**PROBLEM REQUIREMENTS:**
The listing is to be repeated exactly, and its pictures are to be left out.

Start of GIVEN INFORMATION

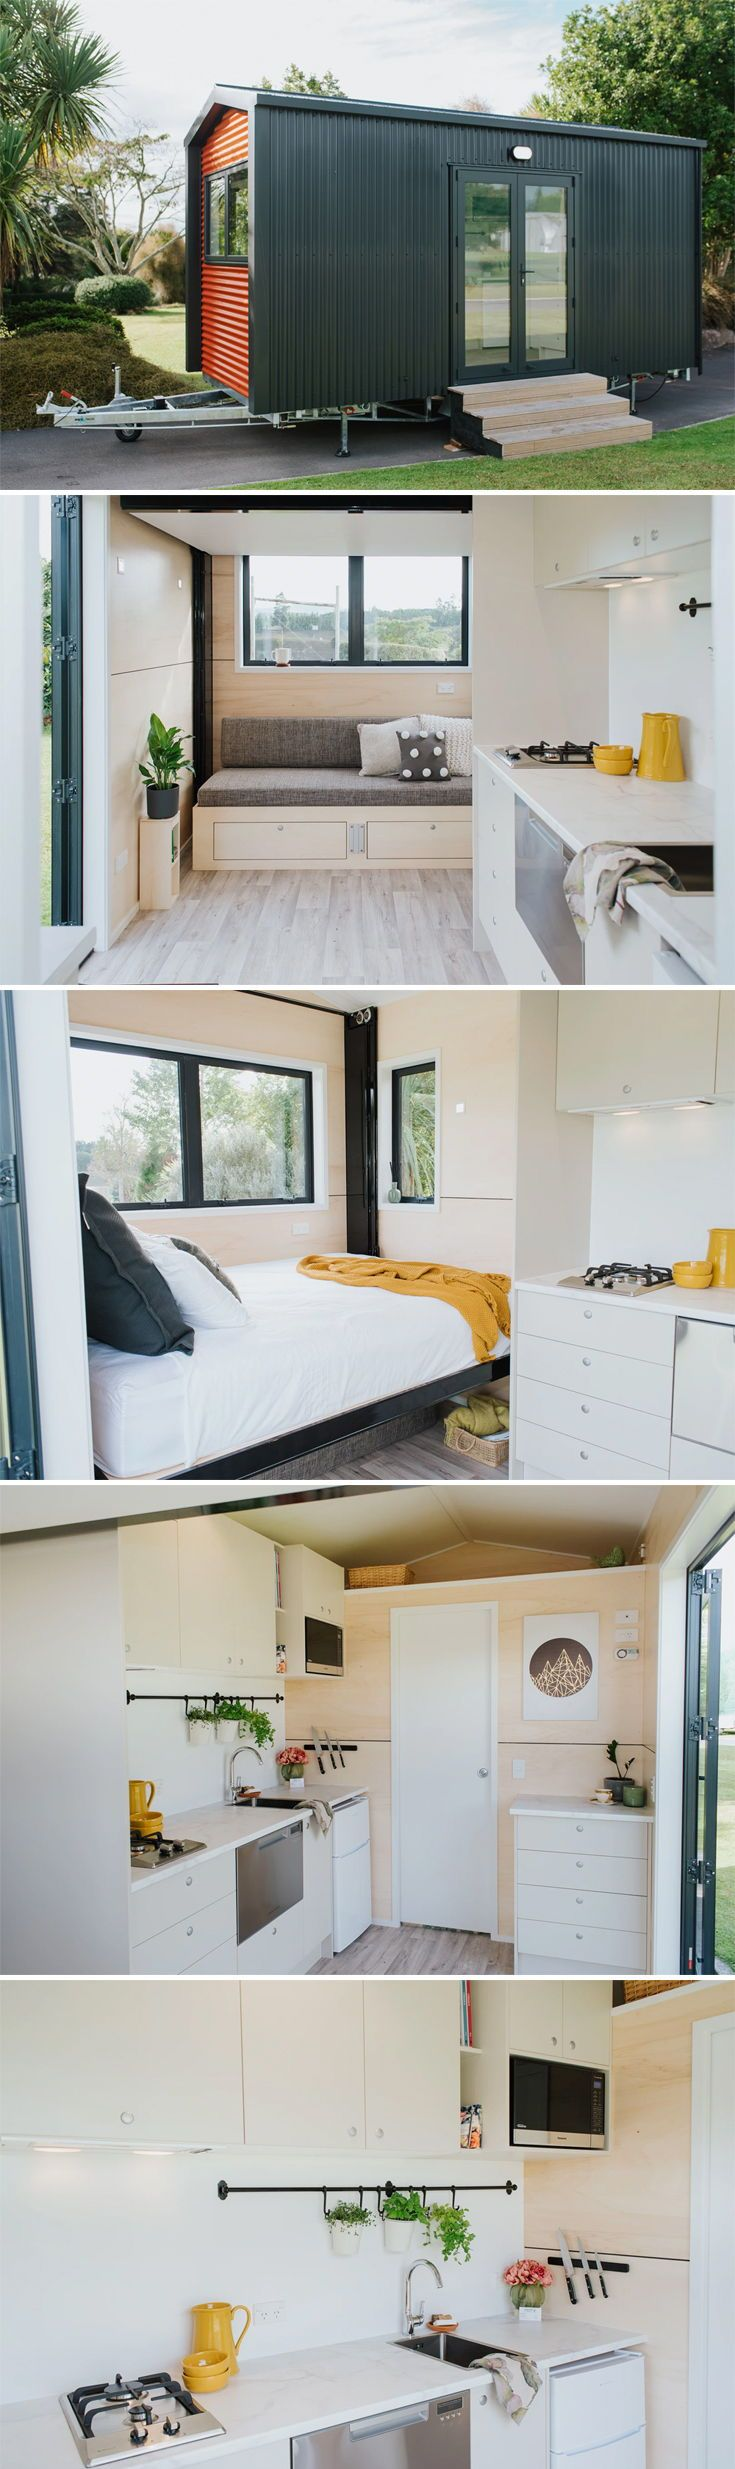 Photo of Camper Tiny House di Build Tiny – Tiny Living
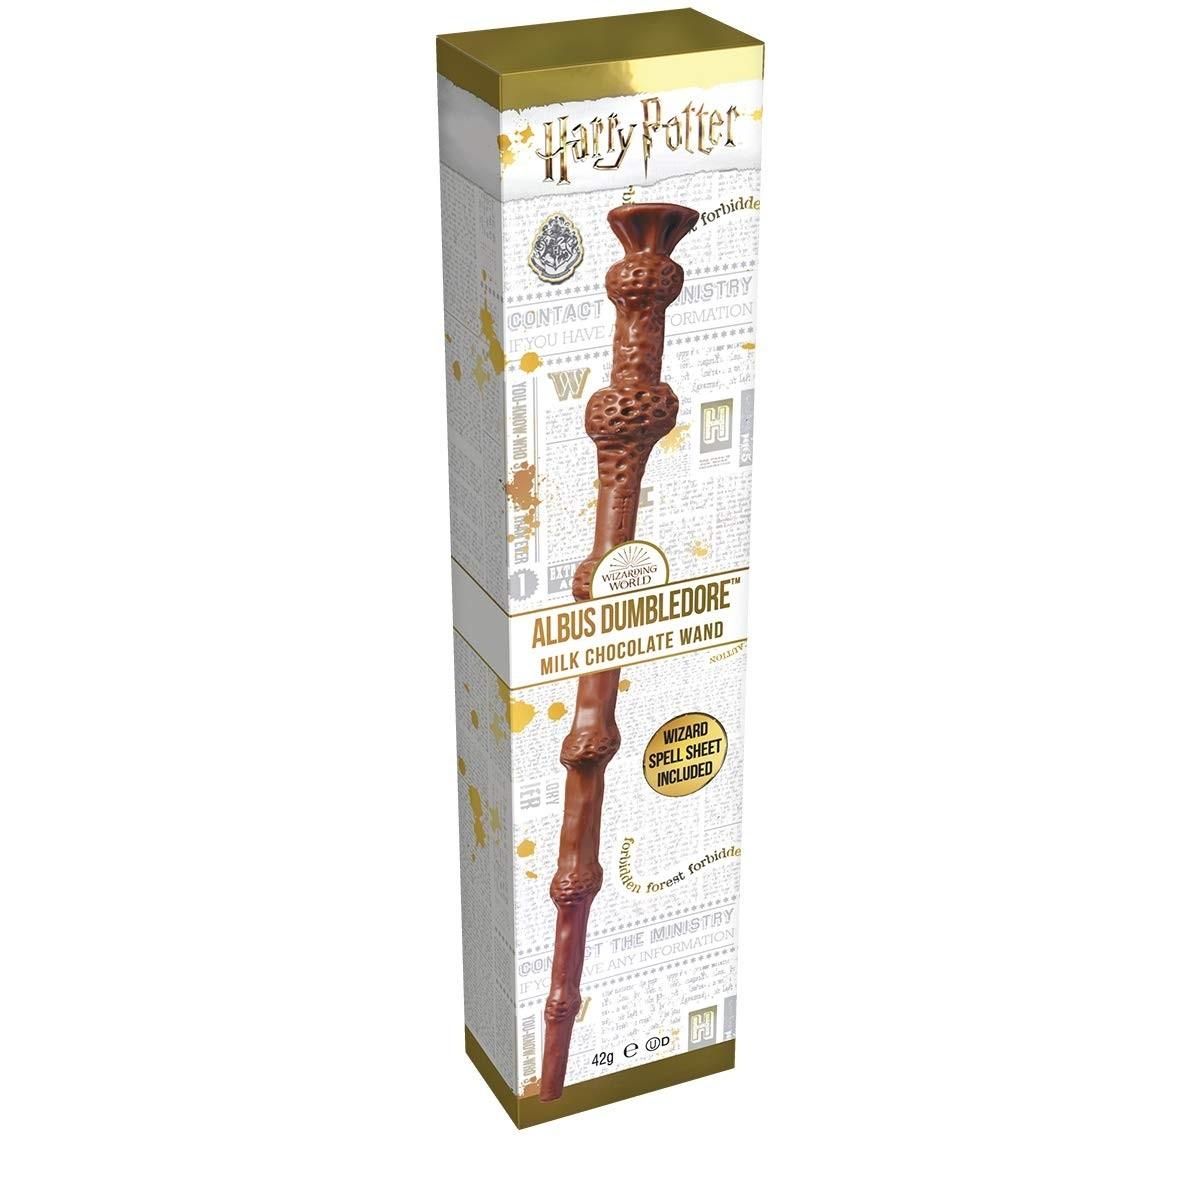 Albus Dumbledore's Milk Chocolate Wand
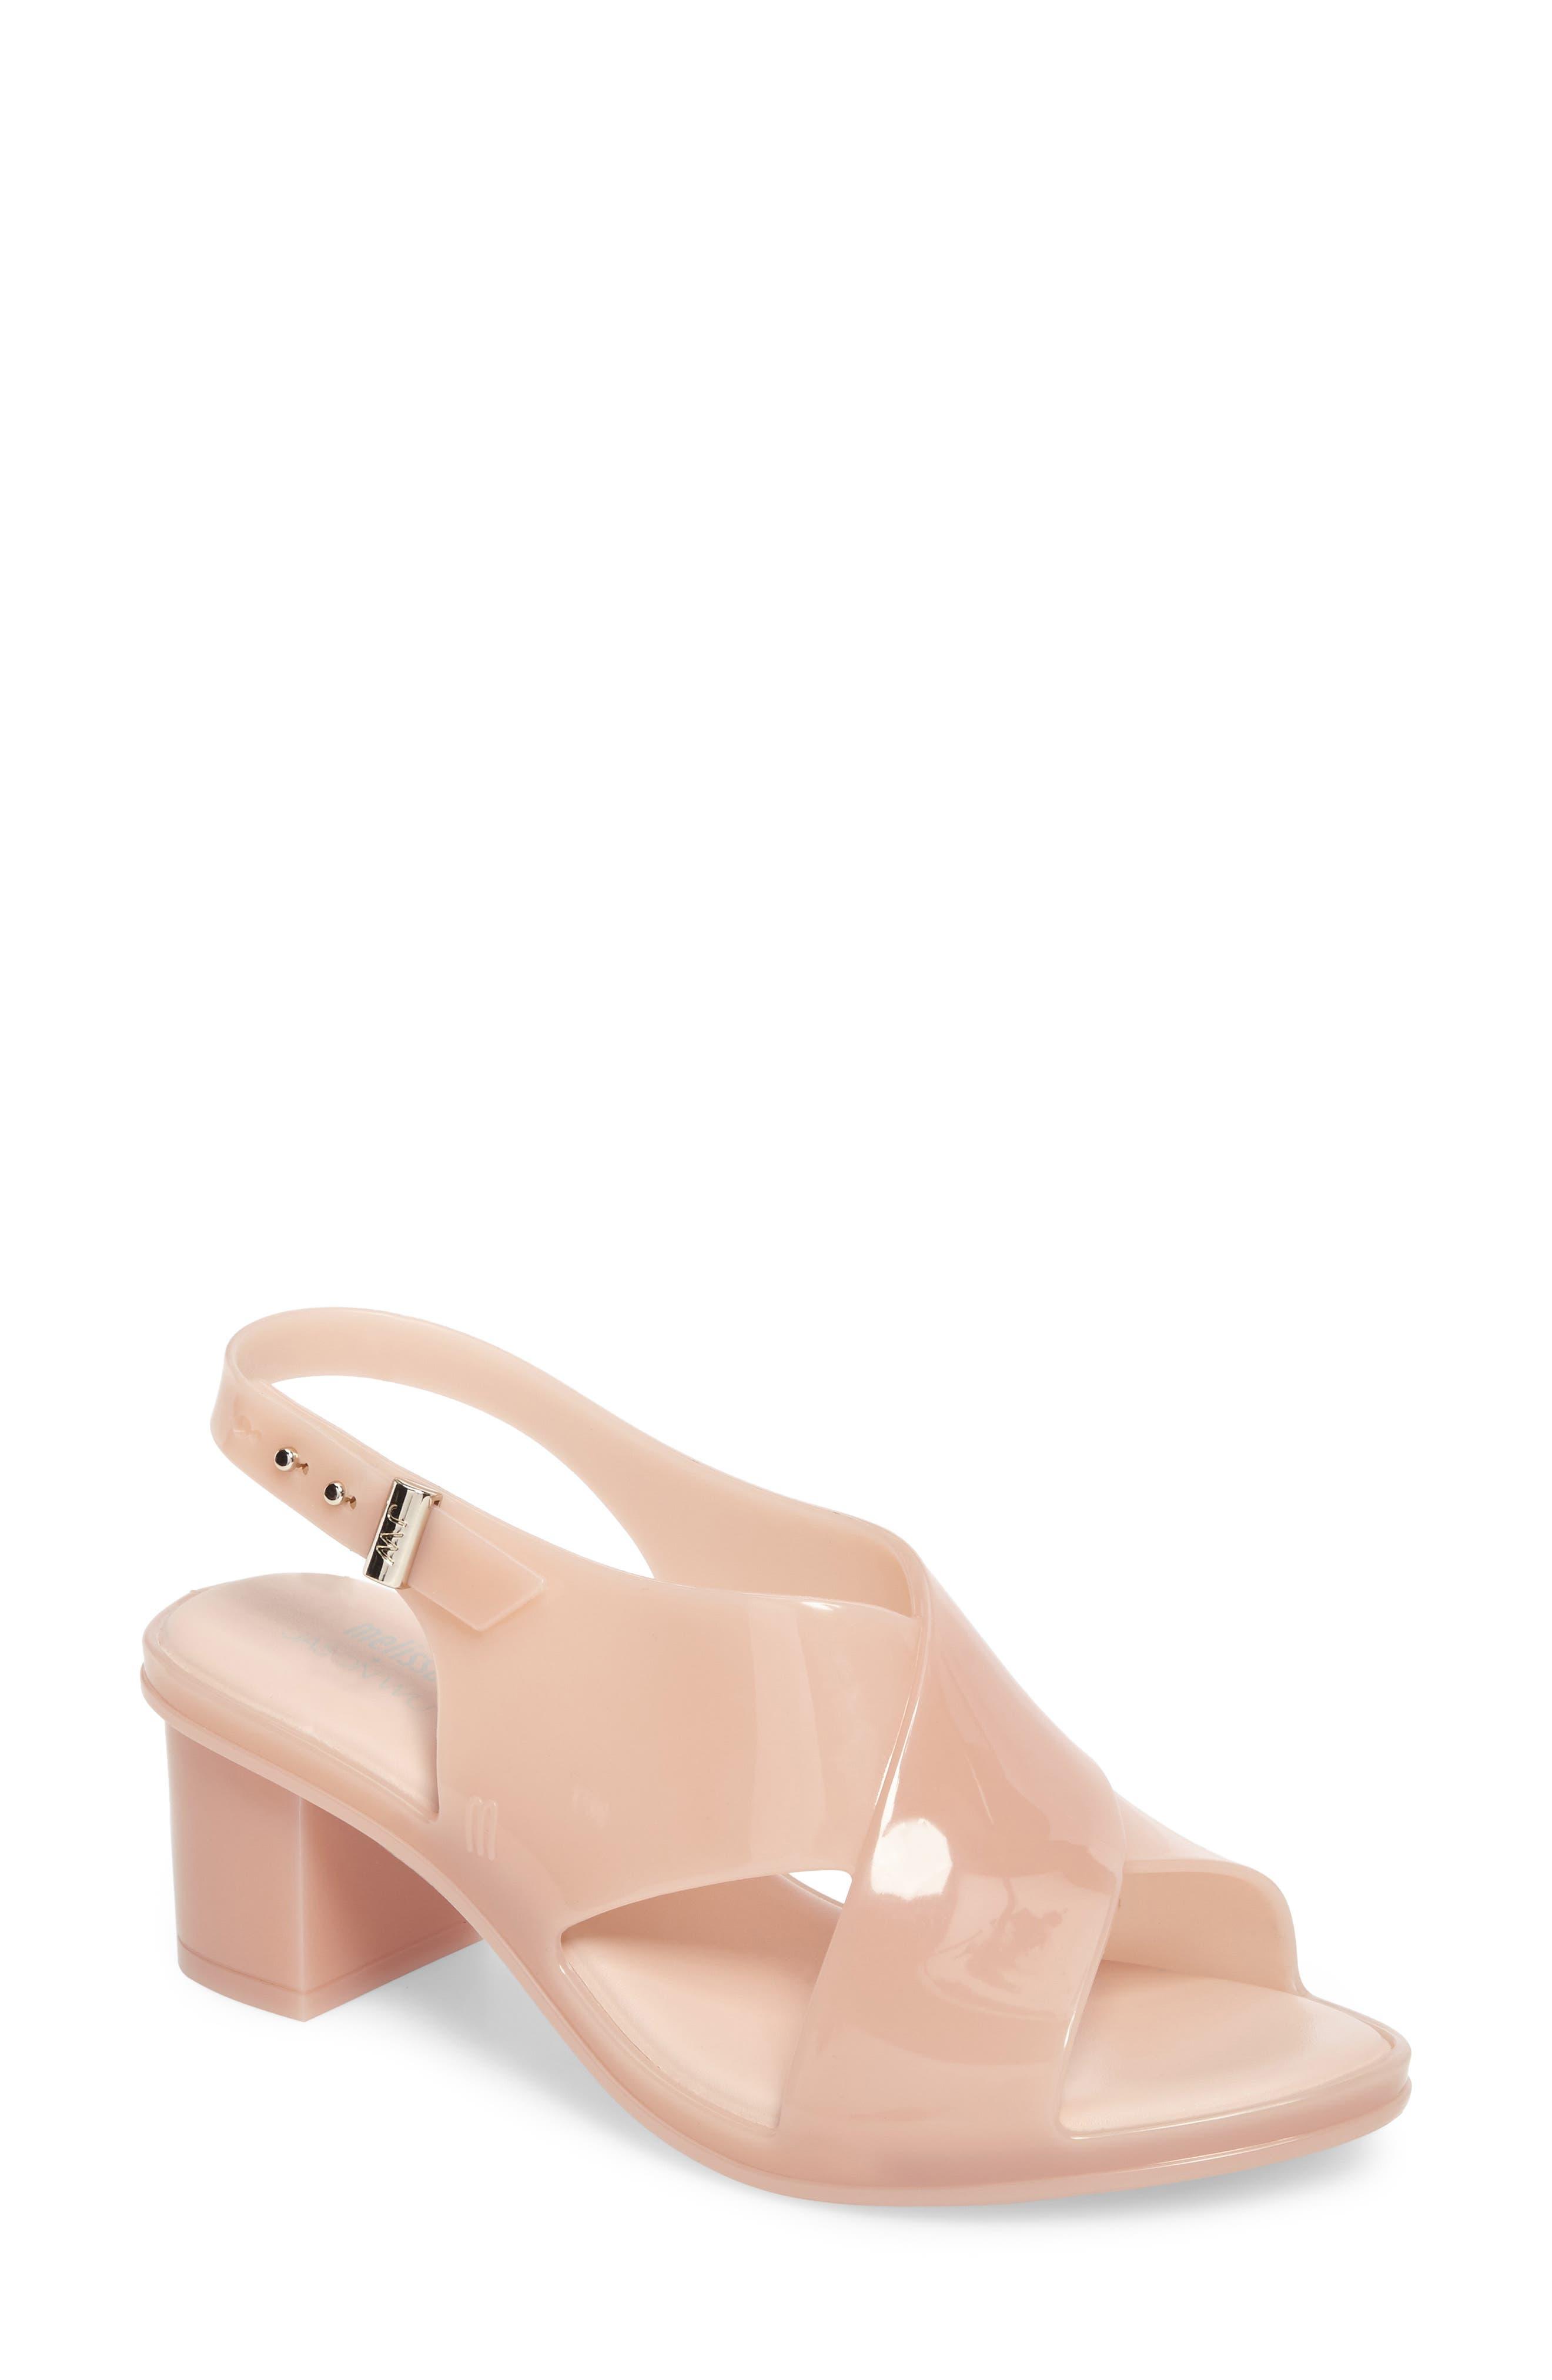 x Jason Wu Jamie Cross Strap Slingback Sandal,                             Main thumbnail 1, color,                             Light Pink Matte

End of GIVEN INFORMATION

**TASK ANSWER:**
 Photo of Camper Tiny House di Build Tiny – Tiny Living
 Albus Dumbledore's Milk Chocolate Wand
 x Jason Wu Jamie Cross Strap Slingback Sandal,                             Main thumbnail 1, color,                             Light Pink Matte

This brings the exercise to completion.